A Personal Argument for William & Mary

April 11, 2014 by

We Admit It! We love it when a plan comes together.  With Dean Livingston out on maternity leave while our admitted students look for guidance to help them make their decision about where to enroll next fall, Dean Broaddus himself put together a blog entry for us in the form of a slideshow to offer his personal answer to the question “Why William & Mary?”

 

 

 

Choose Home

April 4, 2014 by

Admitted Class of 2018,

Congratulations on your admission to William & Mary!

Now that you have received your wonderful and exciting emails from the W&M Admission Office, it’s your turn to choose what college to attend! Yes, this is daunting, I know. I remember having SO MANY questions about what I would experience in college over the next four years. So, when making this tough of a choice, I hope that you all will think about what you hope to gain overall as part your collegiate experience. I hope you choose a place that deep down you feel that you can call home. If during your college decision making process you choose ‘Home’, I believe that your experiences and achievements will exceed your wildest imagination.

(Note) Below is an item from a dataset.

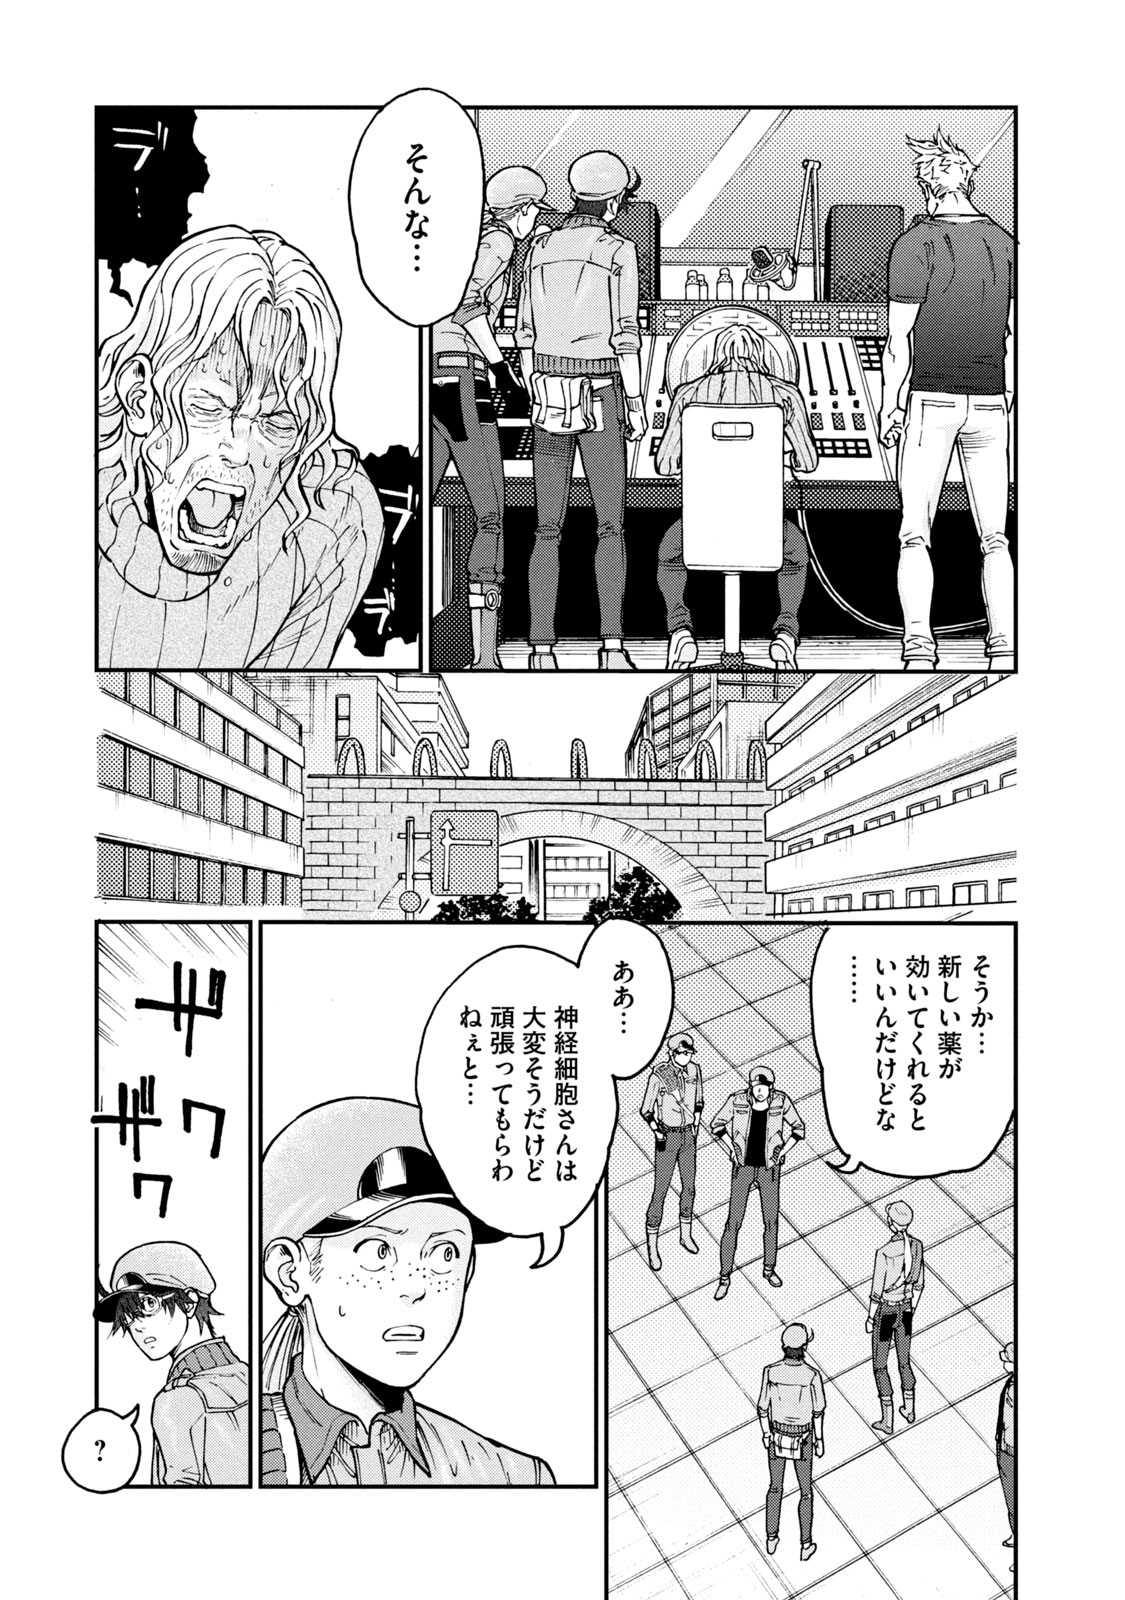 Hataraku Saibou BLACK - Chapter 35 - Page 13

I want to tell you why, when I chose a college, William & Mary became my right choice.

Four years ago, I mapped out my goals and expectations for the next four years. Even then, though, there were so many aspects of my collegiate experience that I had no way of knowing what would happen. I was going in blind. I didn’t know then that I would have the chance to help curate a Michelangelo drawing exhibition and have my name published in a book on the subject. I didn’t know that, while studying abroad, I would watch an outdoor opera performed in Florence Italy’s Piazza Santa Croce, only a day after taking an art history class inside that same church. I didn’t know that I would spend a summer afternoon working for the Admission Office by playing a cut-throat game of kick ball against the Deans on the Sunken Garden. I didn’t even know I’d be making almost nightly study runs to Wawa for chicken strips or chips and salsa – per W&M student tradition. (But let’s face it: #Gotta_Hava_Wawa)

Here, I believe that I am able forge a path with distinct involvements, leadership roles, secret study spots, and groups of friends. As part of the William & Mary family, I am able to truly be myself and am motivated by others to succeed and achieve. Once I started college at W&M, all of the surprising moments and details of my college experience just seemed to fall into place. Here there are so many opportunities – unique and surprising and altogether pretty magical opportunities – that I have been able to take advantage of.

One of my huge time commitments here is my role on AMP or Alma Mater Productions – the campus event programming board. I am truly honored to have had the chance to run some of the major events on campus over the last four years. Some of my favorite weeks are slam packed with AMP events. I get to hear an Environmental Sustainability speaker on Tuesday, hug a llama at a petting zoo on Wednesday afternoon, listen to friends perform at a student music showcase on Thursday night, Keep up my team’s title of Trivia Champions on Friday, and go to a Wiz Khalifa concert on Saturday. After months of planning, seeing an event run smoothly and successfully is a joy. AMP has provided me with an engaging work opportunity and a busy schedule, but also with a solid group of friends and like-minded individuals who are all passionate about supporting their community and giving back to campus.

I will never forget one of my favorite nights this year, going to a sorority formal with one of my best friends. Even though I am not affiliated with a Greek organization, I have always felt so included and welcomed at any event that a Greek organization has put on. After we danced the night away, we traded our heels for tennis shoes and ran across campus to AMP’s Late Nite Glowball event. Yes, we were still wearing our dresses and bling, but those boys had to watch out; we were pretty lethal with glow-in-the-dark dodge balls. That night epitomizes for me the magical possibilities of W&M and all the opportunities that I can take advantage of each day with my friends and organizations.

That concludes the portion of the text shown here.